The Dow rose as gains in shares of Goldman Sachs and those of Apple, recently up 1.4 percent and 1.2 percent respectively, outweighed slides in shares of Pfizer and those of Merck, down 3.6 percent and 1.3 percent respectively.

Chicago Federal Reserve Bank President Charles Evans on Wednesday said the US central bank might need to lift its interest rate this year, saying that the country’s real economy is doing “quite well.”

"I do think that perhaps one rate increase could be appropriate this year," Evans told reporters on Wednesday, according to media reports. "Even if I would prefer none until we saw inflation much more strongly," Evans later noted. 

Indeed, the US labour market offered fresh signs of strength.

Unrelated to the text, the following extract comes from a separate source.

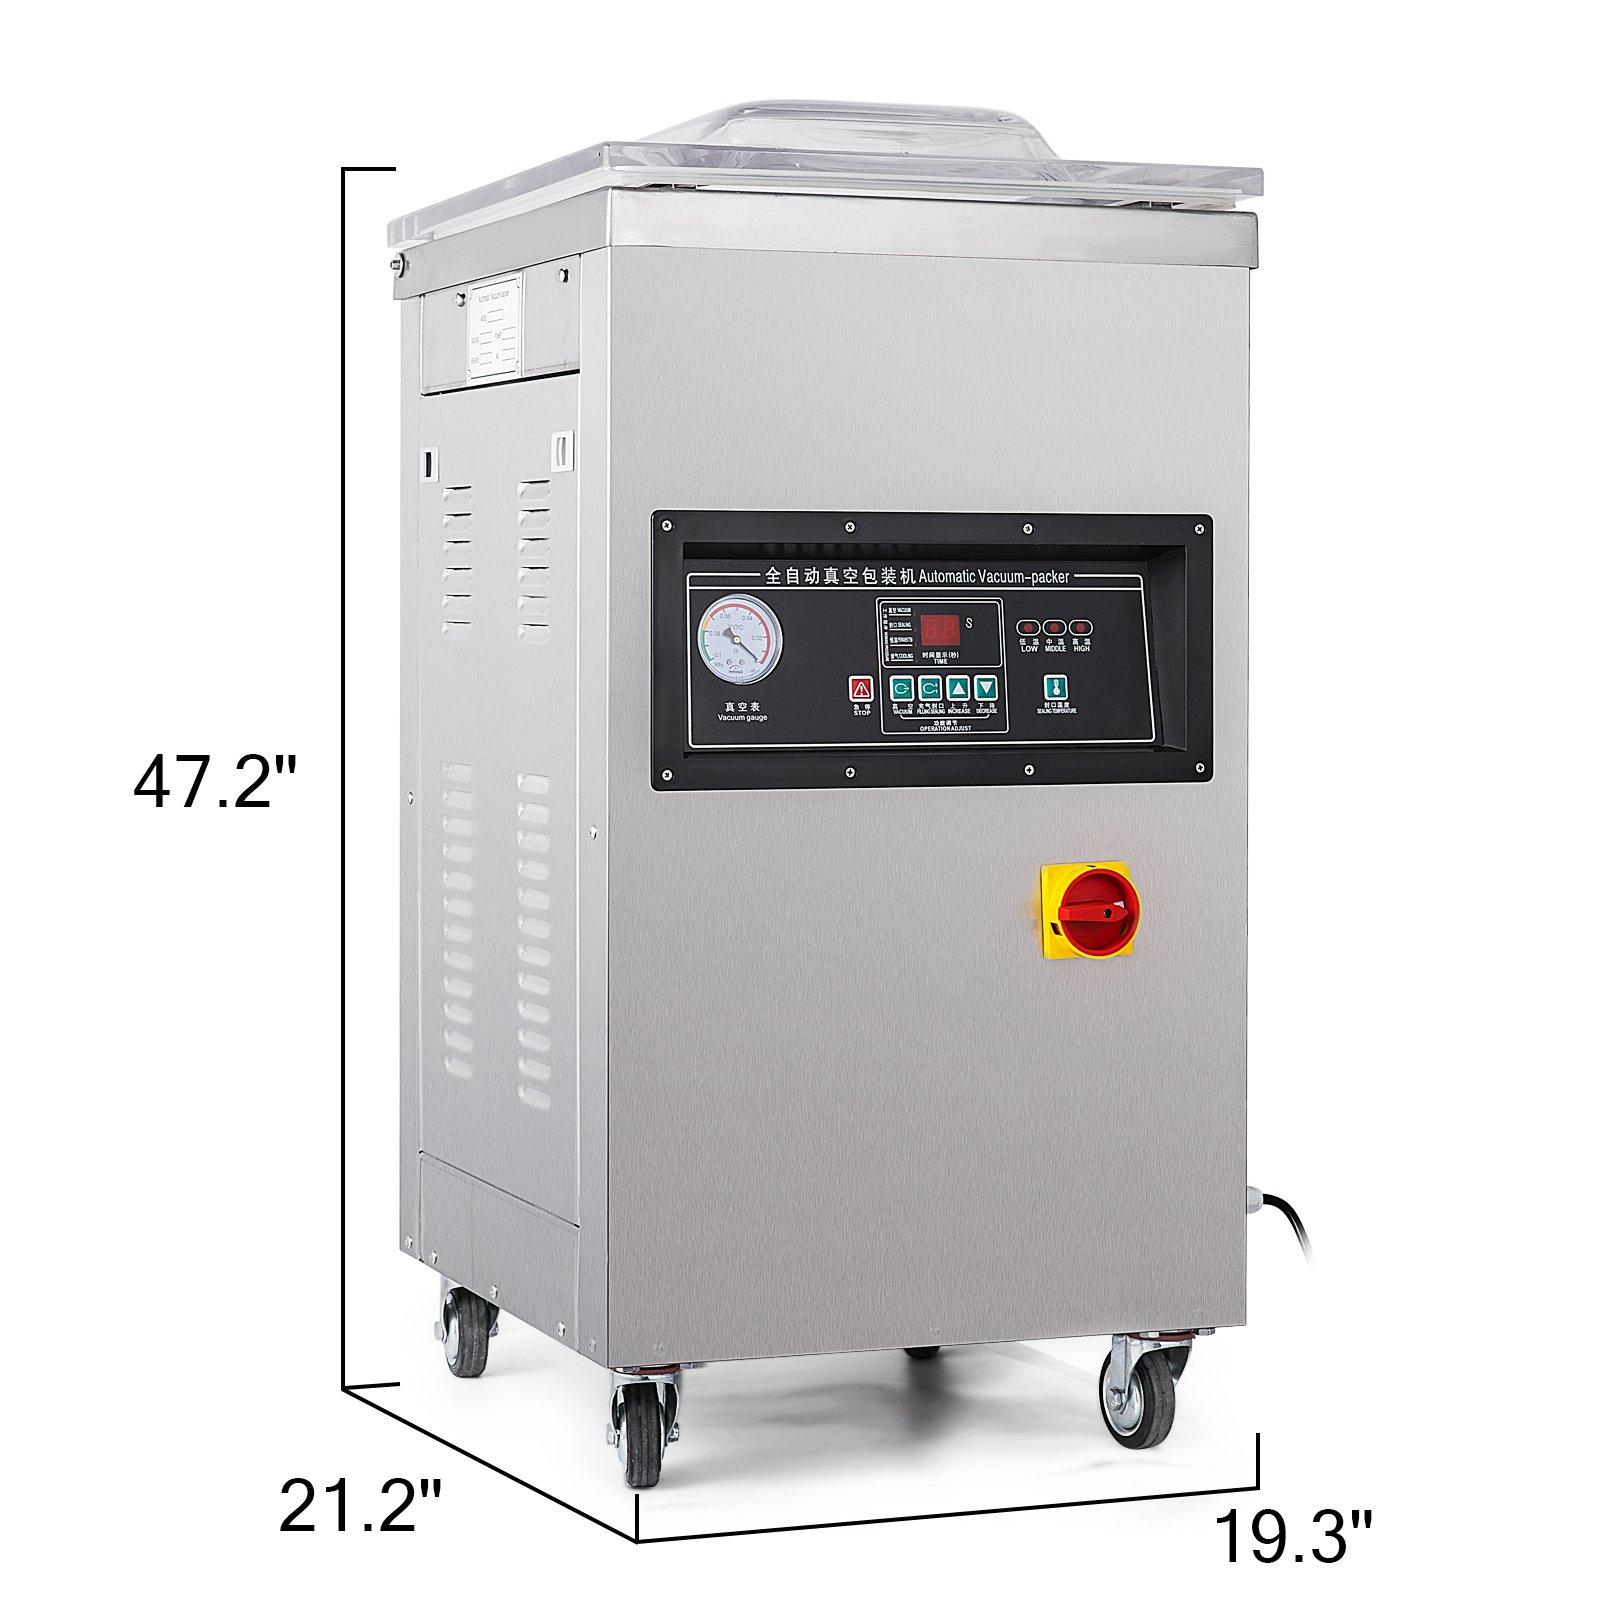 Happybuy DZ-400/2E Chamber Vacuum Sealer 1000W Vacuum Sealer Machine Automatic Vacuum Packing Sealing Sealer Machine for Home or Commercial Use (DZ-400/2E) by Happybuy (Image #2)

The ADP National Employment Report showed private employers added 179,000 jobs in July, which was above economists’ expectations. 

Investors are now eyeing Friday’s federal government nonfarm payrolls data.

Shares of Wal-Mart traded lower, down 0.5 percent as of 3.20pm in New York, after the Wall Street Journal reported, citing people familiar with the matter, the company is in talks to buy online discount retailer Jet.com, one of the most ambitious challengers to Amazon.com.

Oil prices climbed more than 3 percent.

"We are not surprised to see spot prices rebounding on the gasoline draw," Tariq Zahir, trader in crude oil spreads at Tyche Capital Advisors in New York, told Reuters. "But I think this will be short-lived."

"The bottom line is the Street in the second quarter got a little ahead of itself in calling for rebalancing of supply-demand after Canadian and Nigerian supply disruptions,” according to Zahir. “We are going into the third and fourth quarters with those supplies back online and refinery maintenance coming up."

In Europe, the Stoxx 600 Index ended the session with a gain of 0.1 percent from the previous close. Germany’s DAX index rose 0.3 percent. The UK’s FTSE 100 index fell 0.2 percent, as did France’s CAC 40 index.

HSBC shares rose after the bank announced an unexpected buyback of US$2.5 billion. Shares of ING Groep rose after the Dutch bank posted better-than-expected profit in the second quarter.